The copy must match the data word for word and contain no pictures.

#####

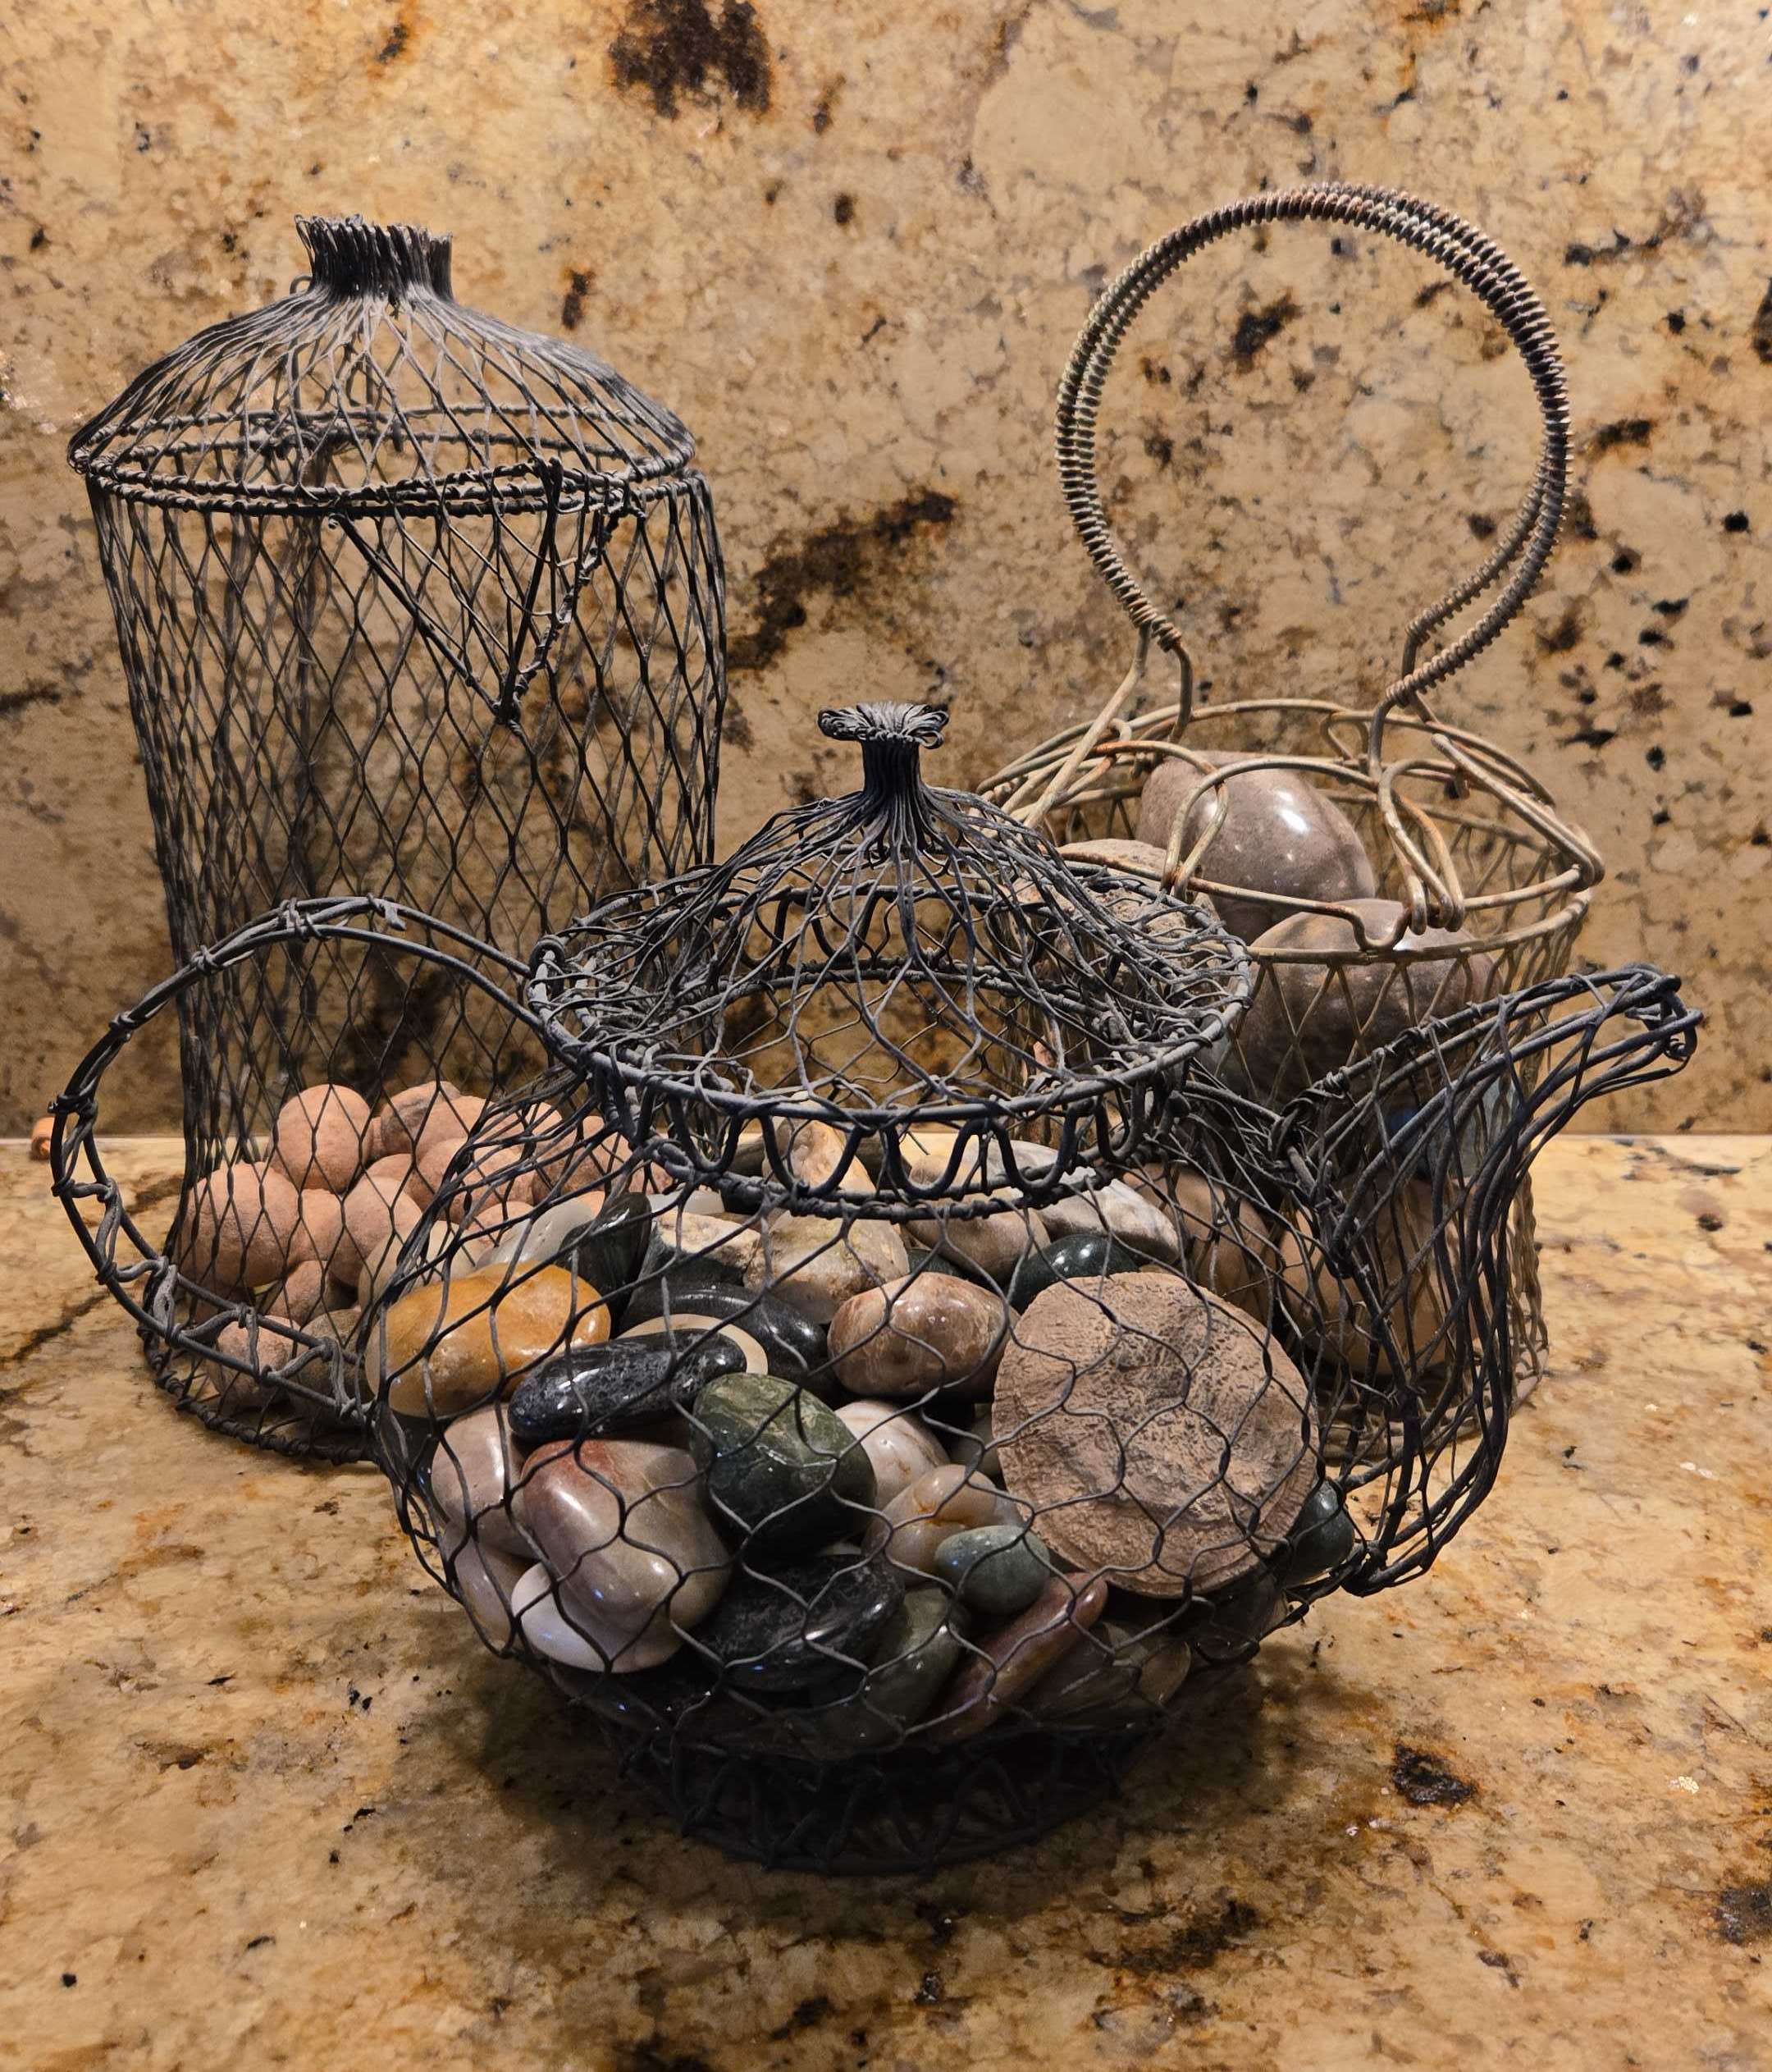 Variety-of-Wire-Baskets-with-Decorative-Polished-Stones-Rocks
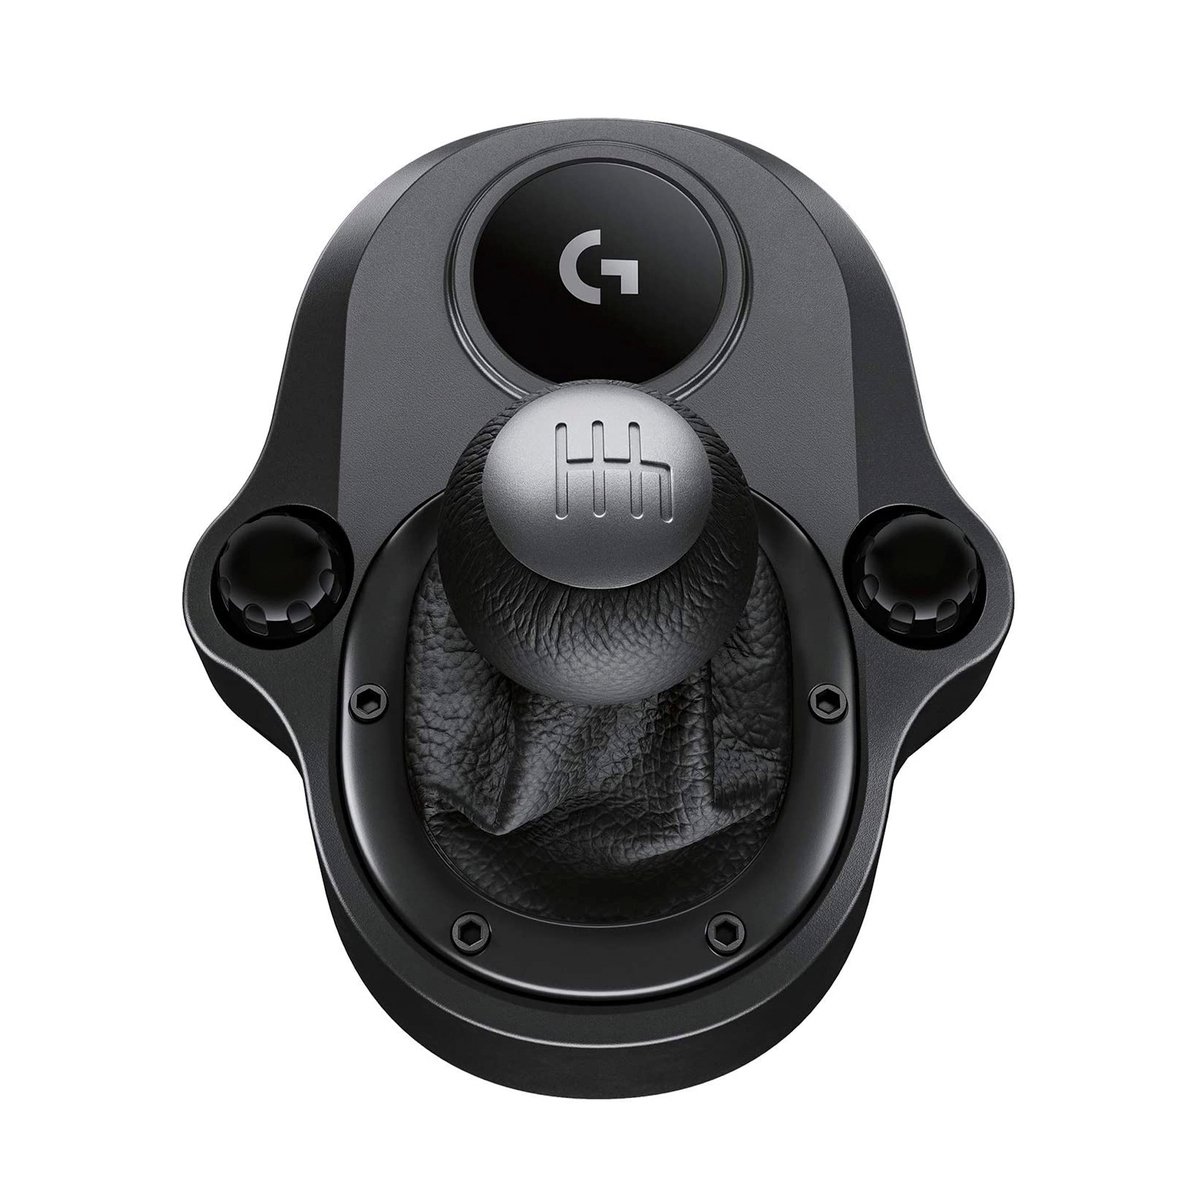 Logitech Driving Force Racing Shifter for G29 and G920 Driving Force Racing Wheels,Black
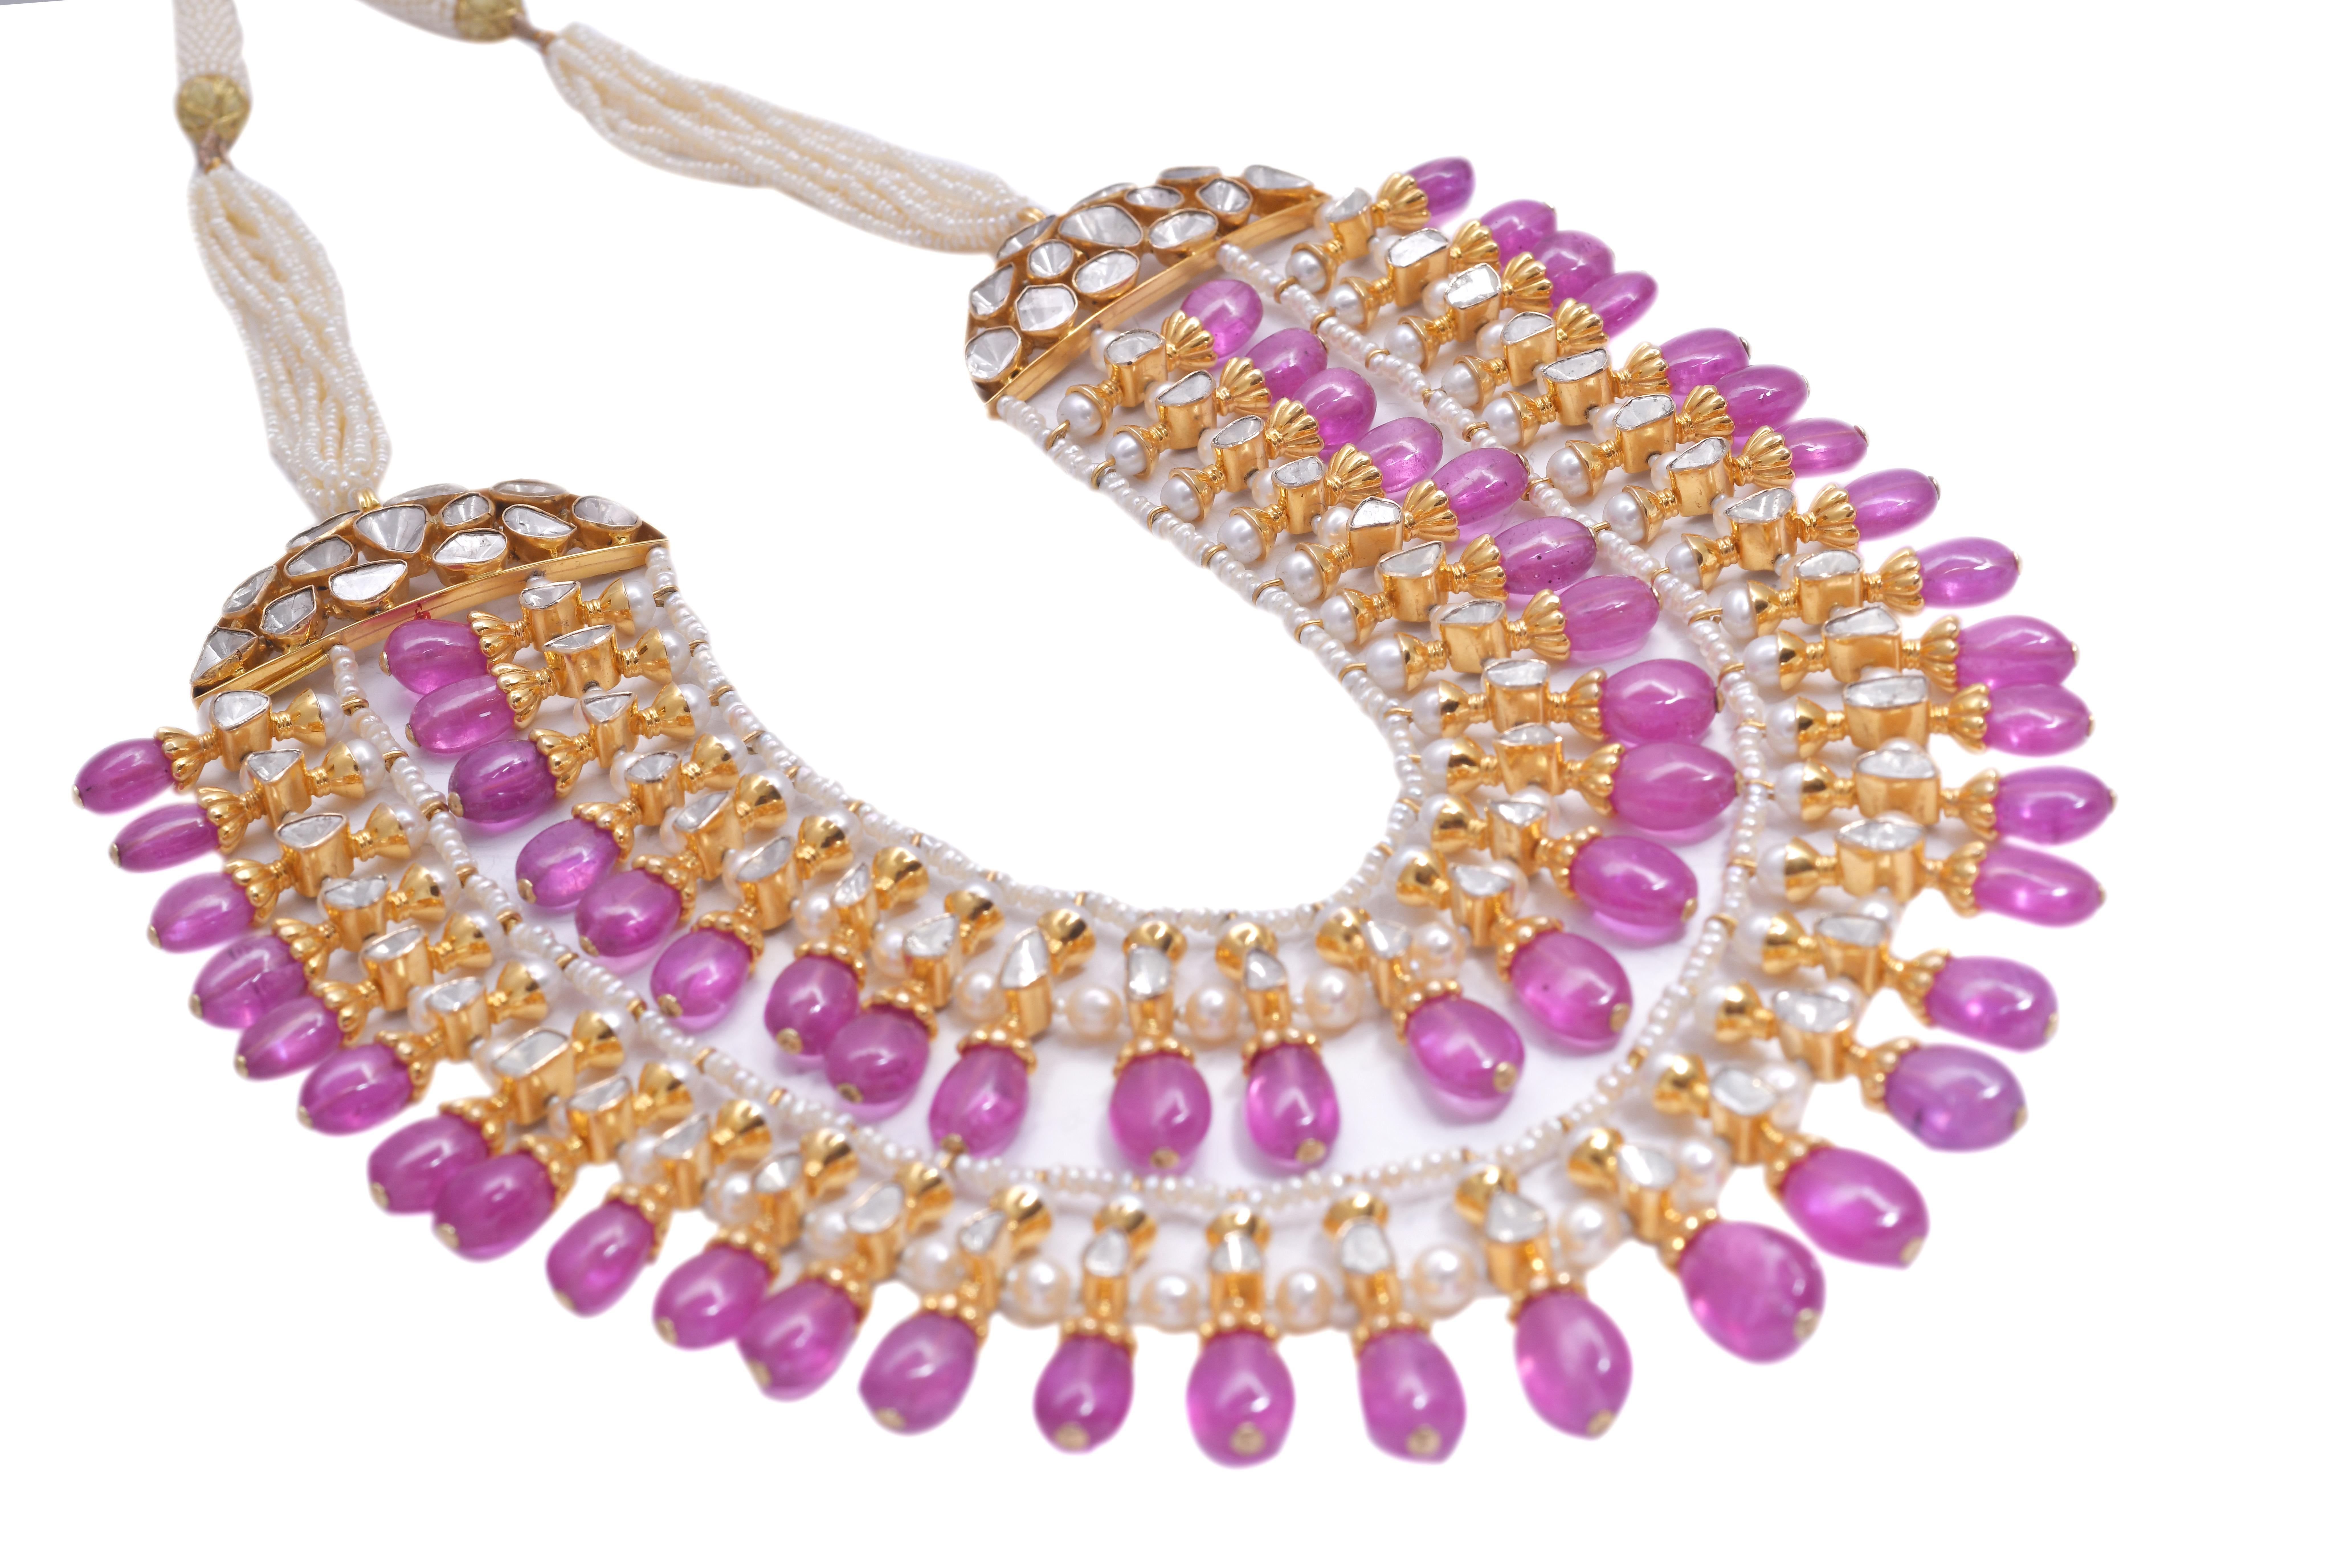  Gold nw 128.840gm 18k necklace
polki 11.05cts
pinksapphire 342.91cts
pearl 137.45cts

#####

**Exercise result:**
 Variety-of-Wire-Baskets-with-Decorative-Polished-Stones-Rocks
 Logitech Driving Force Racing Shifter for G29 and G920 Driving Force Racing Wheels,Black
  Gold nw 128.840gm 18k necklace
polki 11.05cts
pinksapphire 342.91cts
pearl 137.45cts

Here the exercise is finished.